Kaufman collects what is called the decorative arts, a fussy name for a messy process in which a lot of sawdust flies. This was a craft for a nation that was literally building itself by hand. Early American furniture like the pieces the Kaufmans found — representing crucial city styles from Boston to Baltimore, in the colonial, federal and classical periods — is considered colonial America’s first art form.

Many of the Kaufmans’ pieces have been on view before; the National Gallery showed several rooms of their furniture in 1986. That exhibit felt like an American answer to the Treasure Houses of Great Britain blockbuster that captivated museumgoers a year earlier.

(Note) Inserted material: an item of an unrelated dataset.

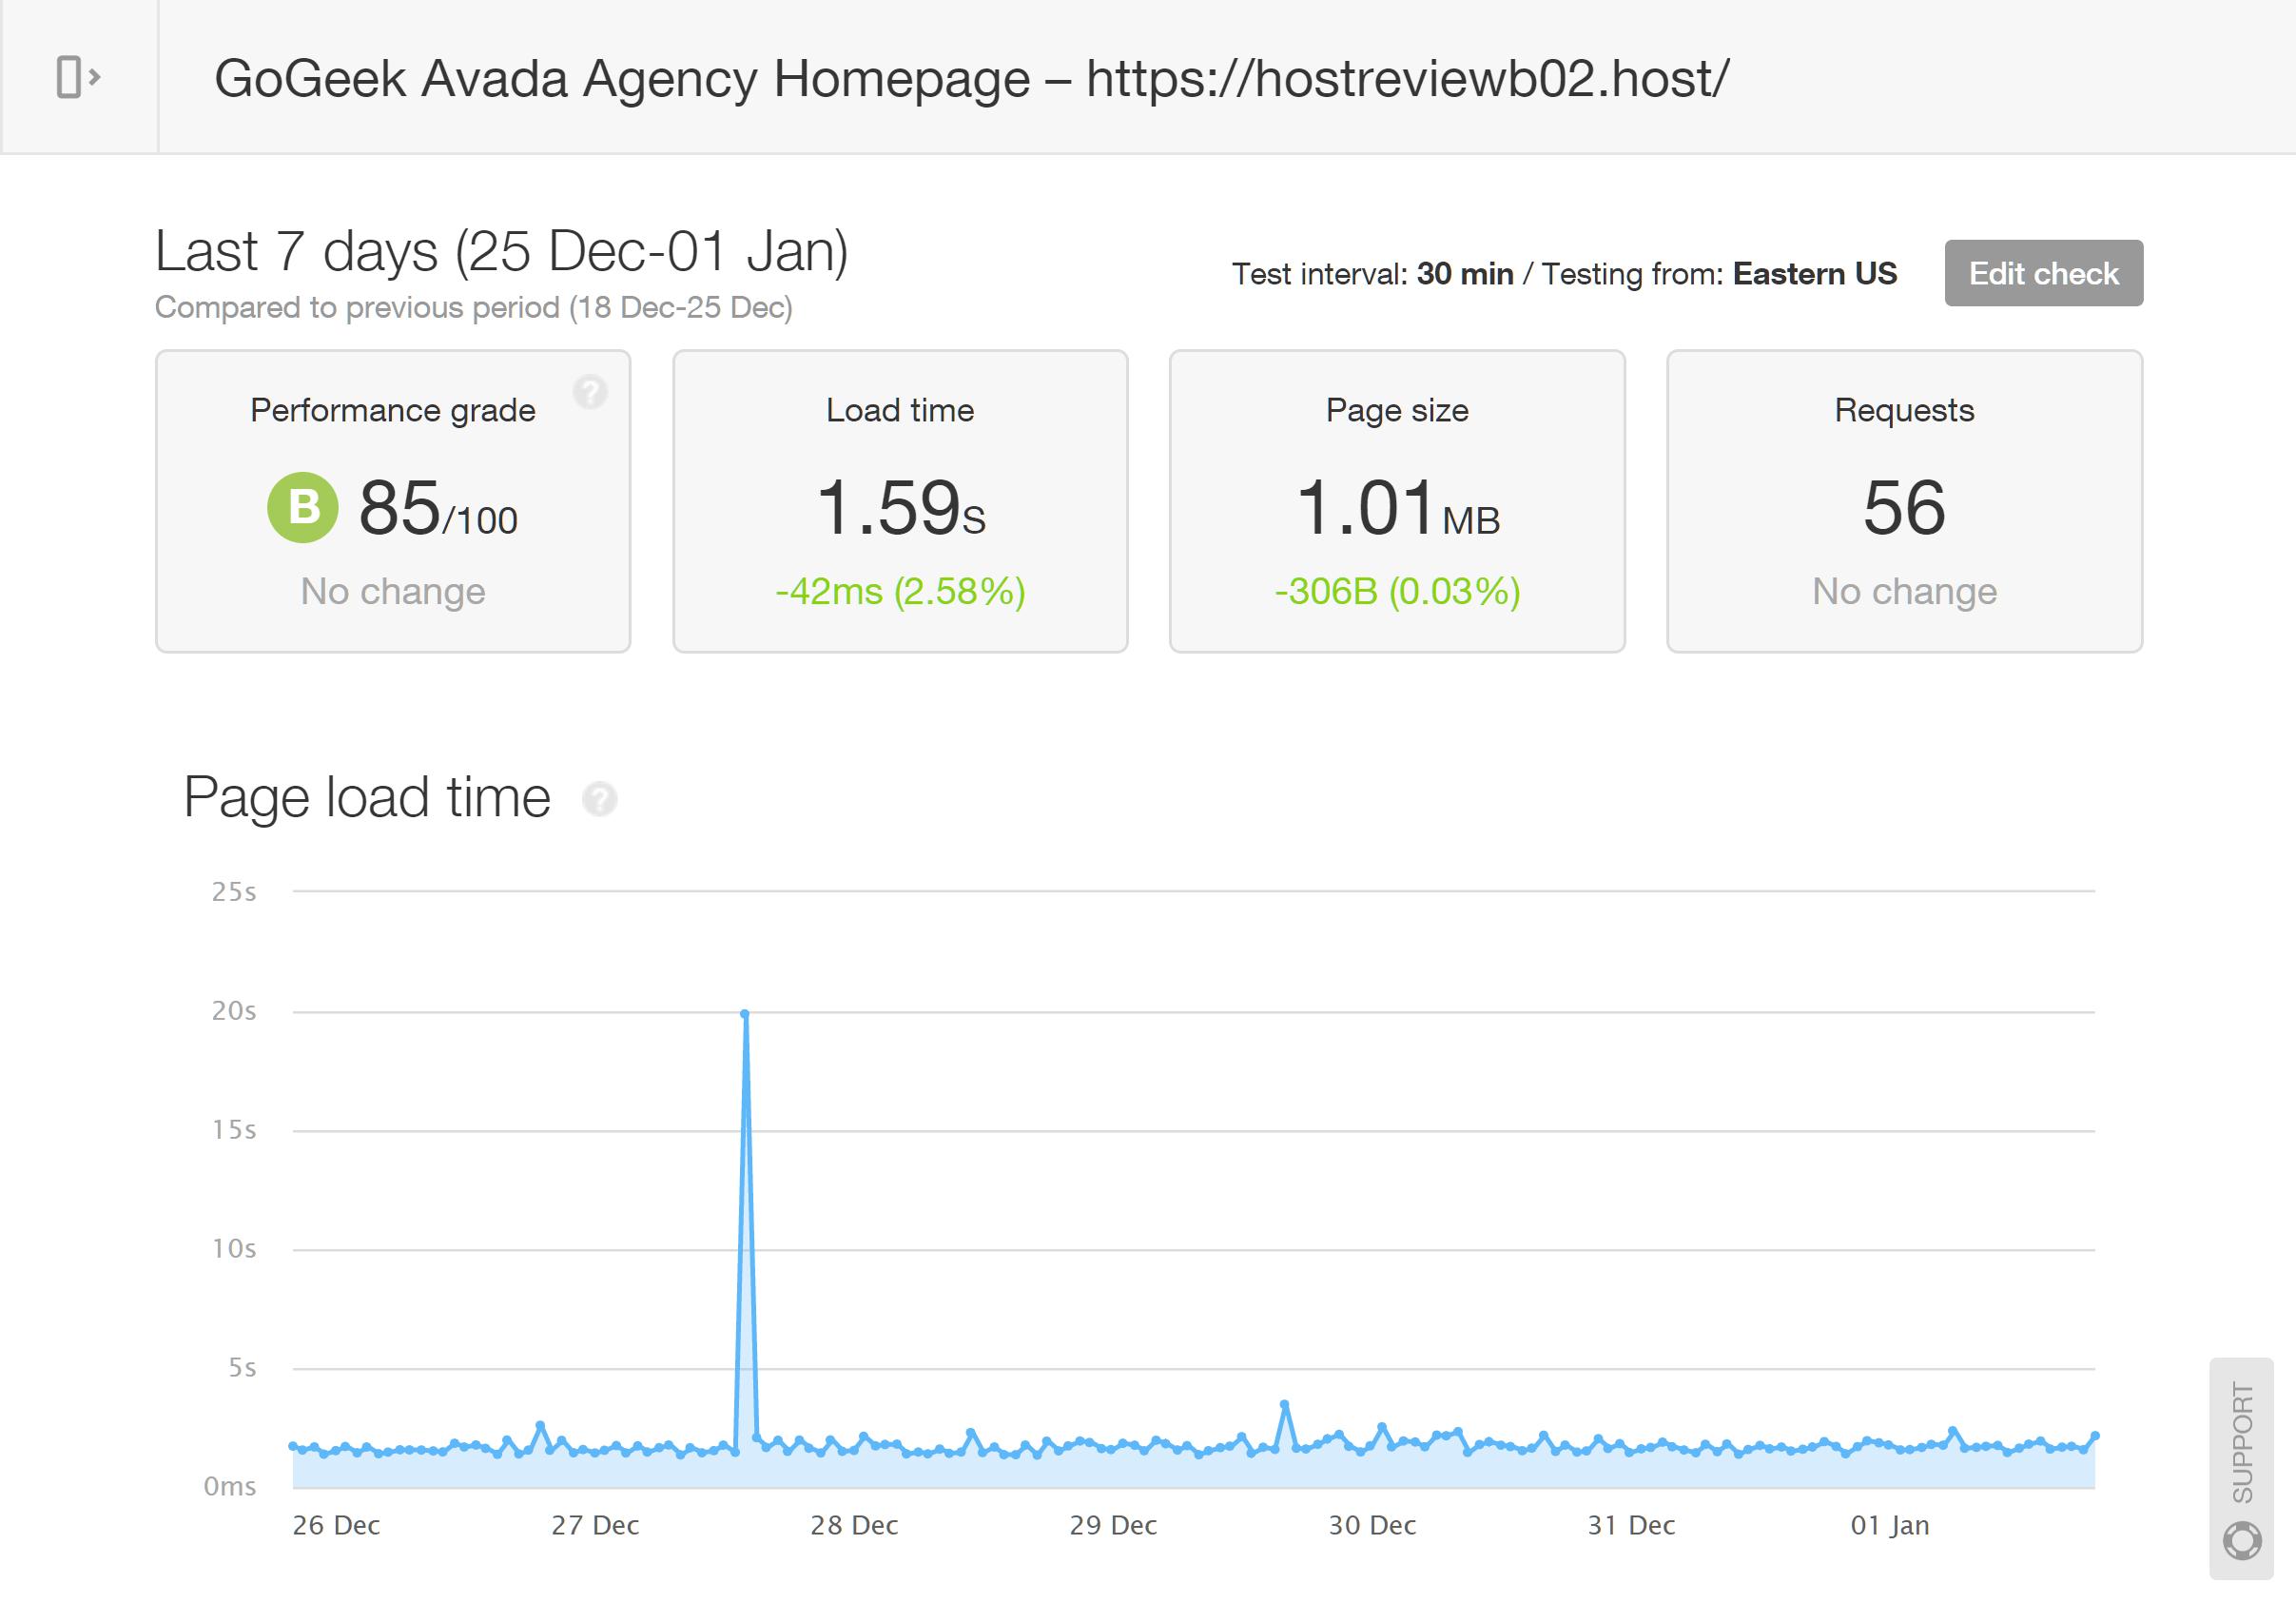 Avada Homepage GoGeek Test Results

This new display has a septuagenarian grandmother’s touches. White orchids will brighten tabletops, which Kaufman long ago figured out to be a necessity. (“One day, I turned to my husband and said, ‘George, something’s missing,’ ” she recalls.) She may move out one Chippendale side chair for a pretty painted one. She will futz — but not much, since she and George have had their fun with arranging, which has been as much fun as purchasing, she says.